In offices the world over, heaps of printouts and photocopies from laser printers get used once before being discarded, or tossed on shelves to collect dust indefinitely. But what if they could be wiped clean and used again?

An engineering team at the University of Cambridge in the UK has figured out how to erase pages by vaporising common toners using a laser-based technique that doesn't damage the underlying paper.

Toshiba of Japan already sells a special laser printer/copier (video) that uses a blue toner which can be almost completely erased with heat treatment. David Leal-Ayala and his colleagues at Cambridge have taken the idea a step further, though, with a method that can recover the paper from any laser printed or photocopied document. After testing and ruling out toner removal processes that use mechanical abrasion and chemical solvents, they focused on the most promising method: laser pulses which vaporise toner particles in thin layers until they are no more.

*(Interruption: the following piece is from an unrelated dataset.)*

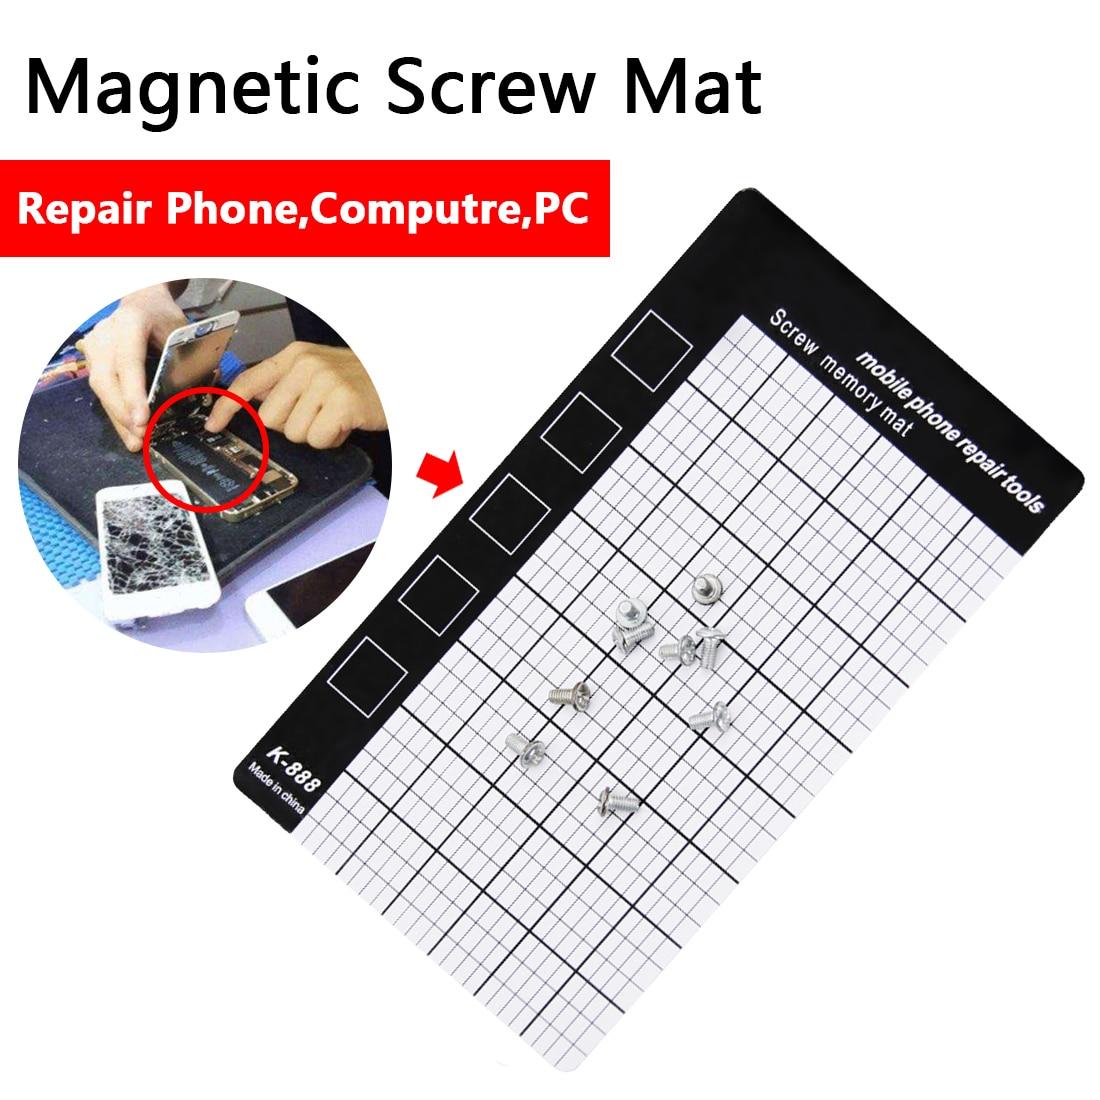 Magnetic Working Pad 145 x 90mm Hand Tools Magnetic Screw Mat Memory Chart Work Pad Mobile Phone Repair ToolsMagnetic Working Pad 145 x 90mm Hand Tools Magnetic Screw Mat Memory Chart Work Pad Mobile Phone Repair Tools

"The key idea was to find a laser energy level that is high enough to ablate - or vaporise - the toner that at the same time is lower than the destruction threshold of the paper substrate. It turns out the best wavelength is 532 nanometres - that's green visible light - with a pulse length of 4 nanoseconds, which is quite long," Leal-Ayala told New Scientist.

"We have repeated the printing/unprinting process three times on the same piece of paper with good results. The more you do it, though, the more likely it is for the laser to damage the paper, perhaps yellowing it," he says. The team have found toner-paper combinations in which almost no appreciable traces of toner can be seen after lasing and in which the paper suffers "no significant mechanical damage".

"Toshiba have been selling the 'e-blue' toner for a while - which, like old thermal fax paper, fades under the right type of light. However that - of course - applies only if you buy their magic toner," says the Cambridge project's supervisor Julian Allwood.

"Our ambition was to develop a method that would remove conventional toner from conventional paper in order to allow re-use of the paper. Toshiba's is a different approach to the same problem."

However, the Cambridge team have not secured patents on the idea nor have they yet approached copier makers about integrating the process as an option in their printer/copiers.